==== Dataset section ====

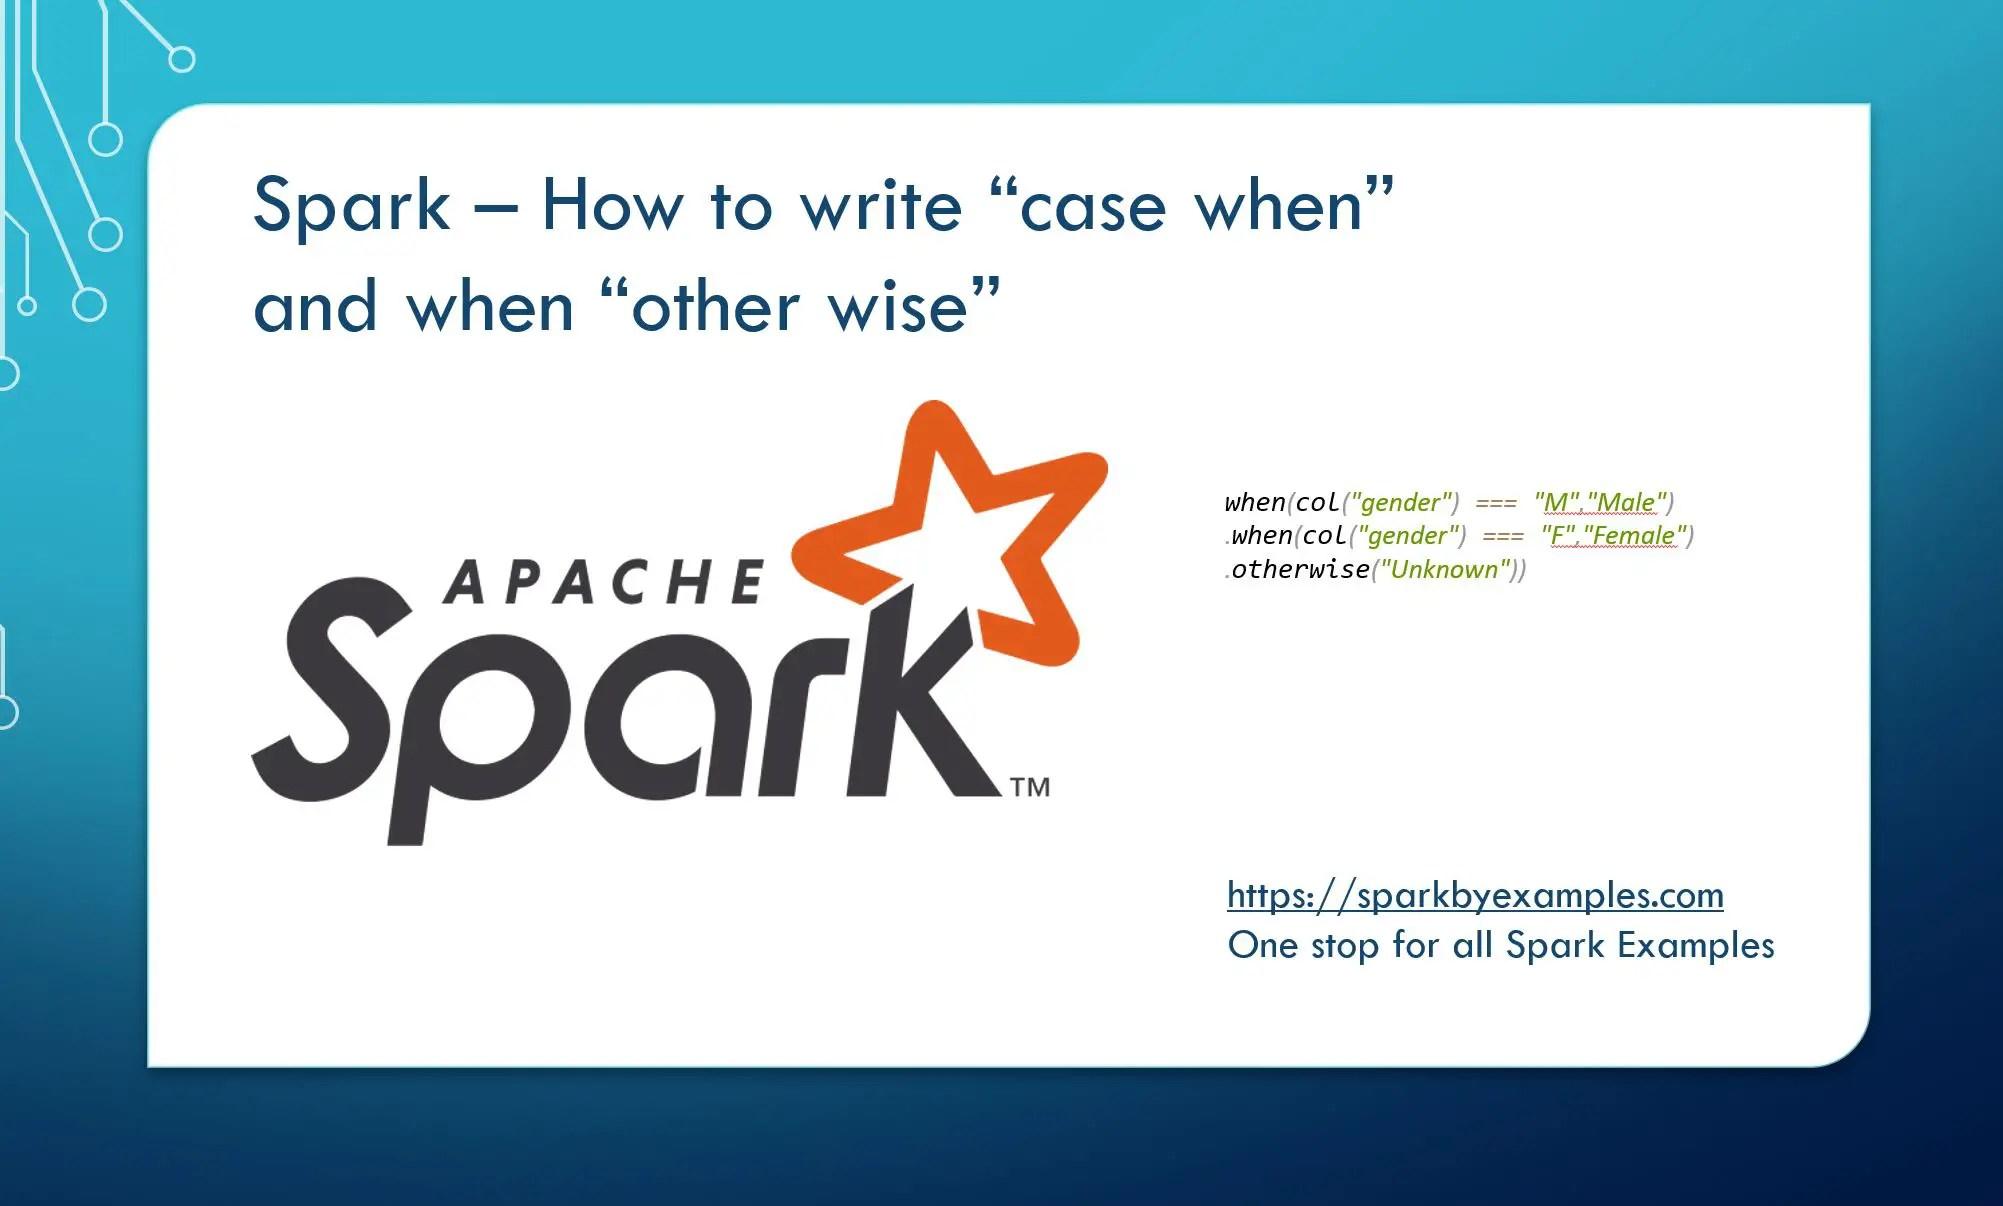 Spark SQL
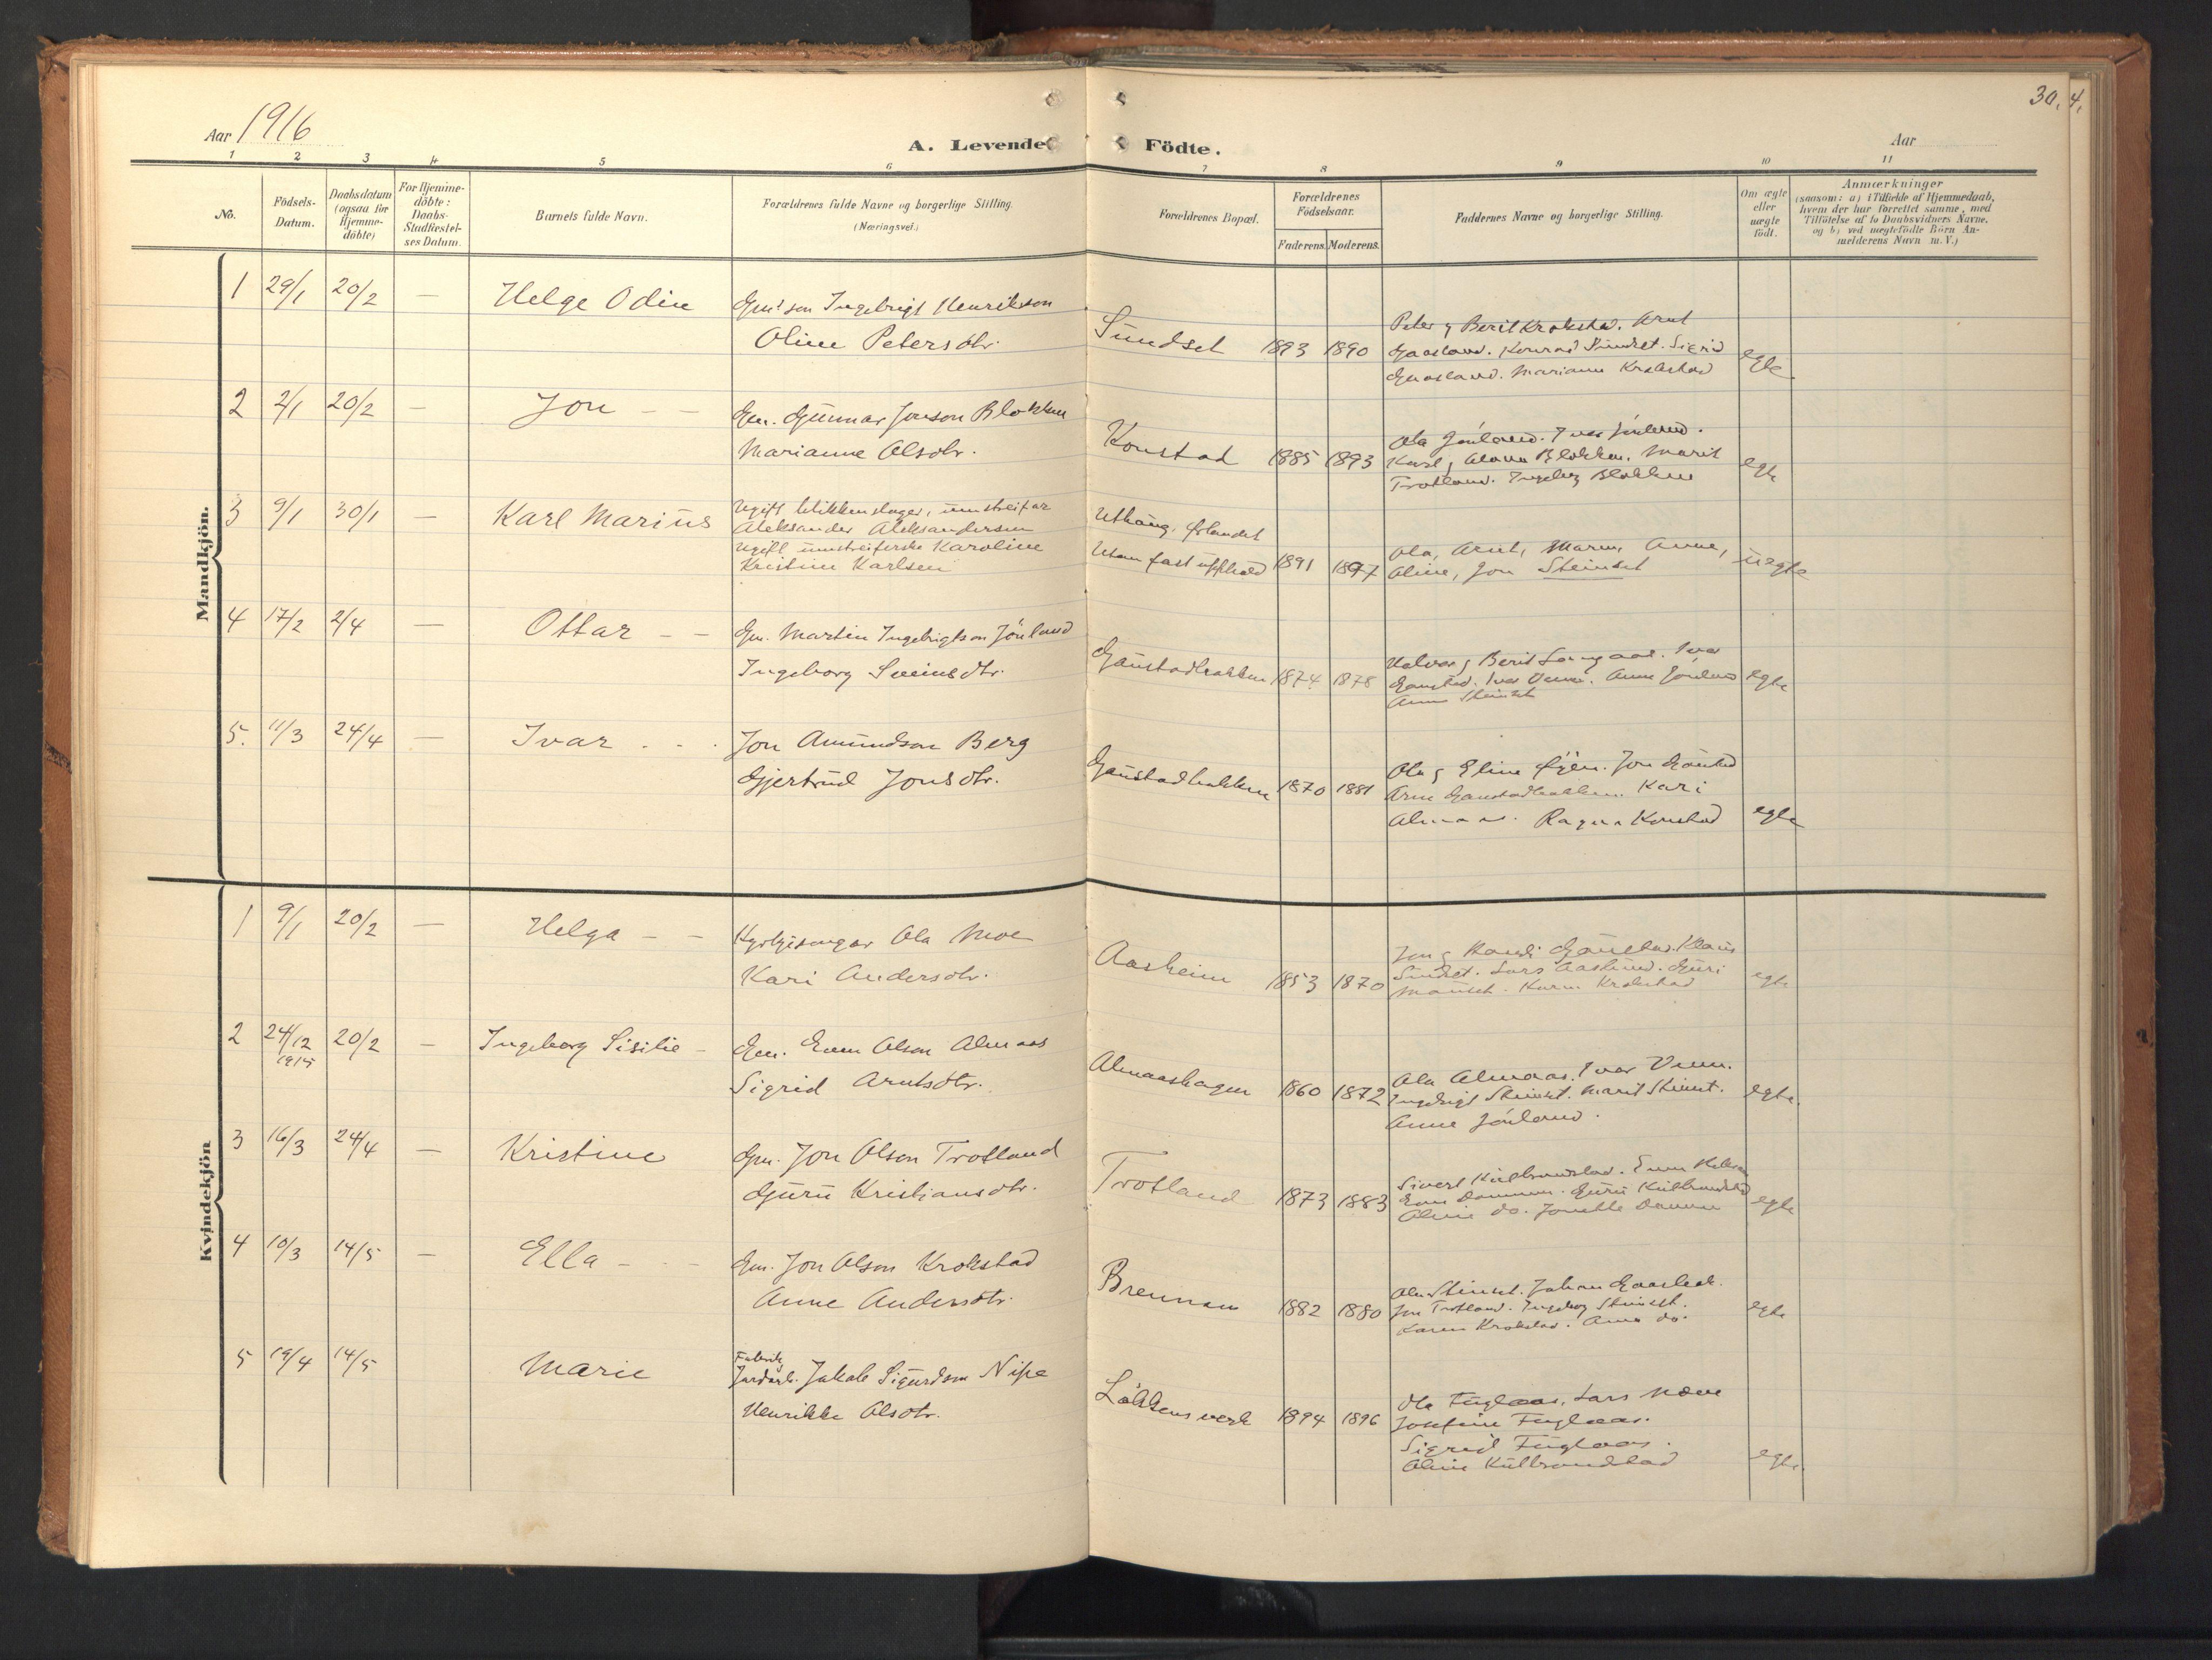 SAT, Ministerialprotokoller, klokkerbøker og fødselsregistre - Sør-Trøndelag, 694/L1128: Ministerialbok nr. 694A02, 1906-1931, s. 30
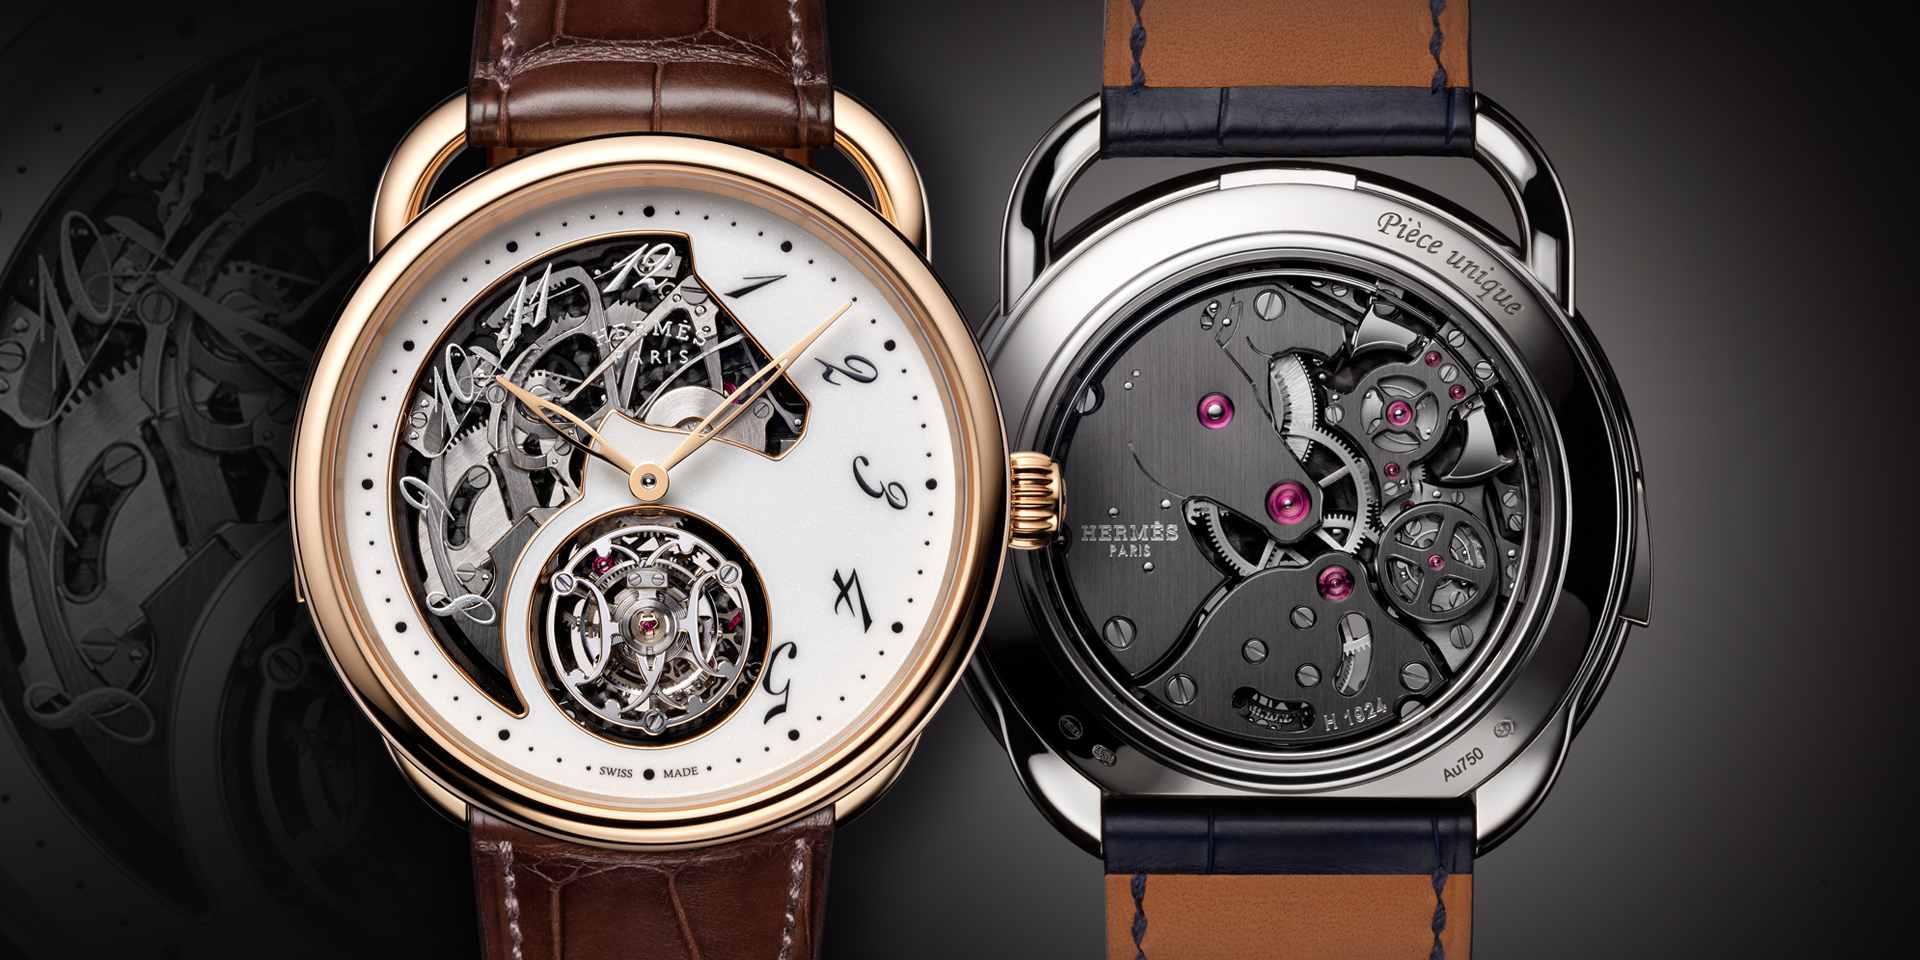 愛馬仕CRAFTING TIME 超凡腕錶展於9 月4至13 日在台北 BELLAVITA 旗艦店舉行

====

= Work instruction =
Restate every line of the listing exactly. Pictures are not part of the copy.

= Result below =
 Spark SQL
 SAT, Ministerialprotokoller, klokkerbøker og fødselsregistre - Sør-Trøndelag, 694/L1128: Ministerialbok nr. 694A02, 1906-1931, s. 30
 愛馬仕CRAFTING TIME 超凡腕錶展於9 月4至13 日在台北 BELLAVITA 旗艦店舉行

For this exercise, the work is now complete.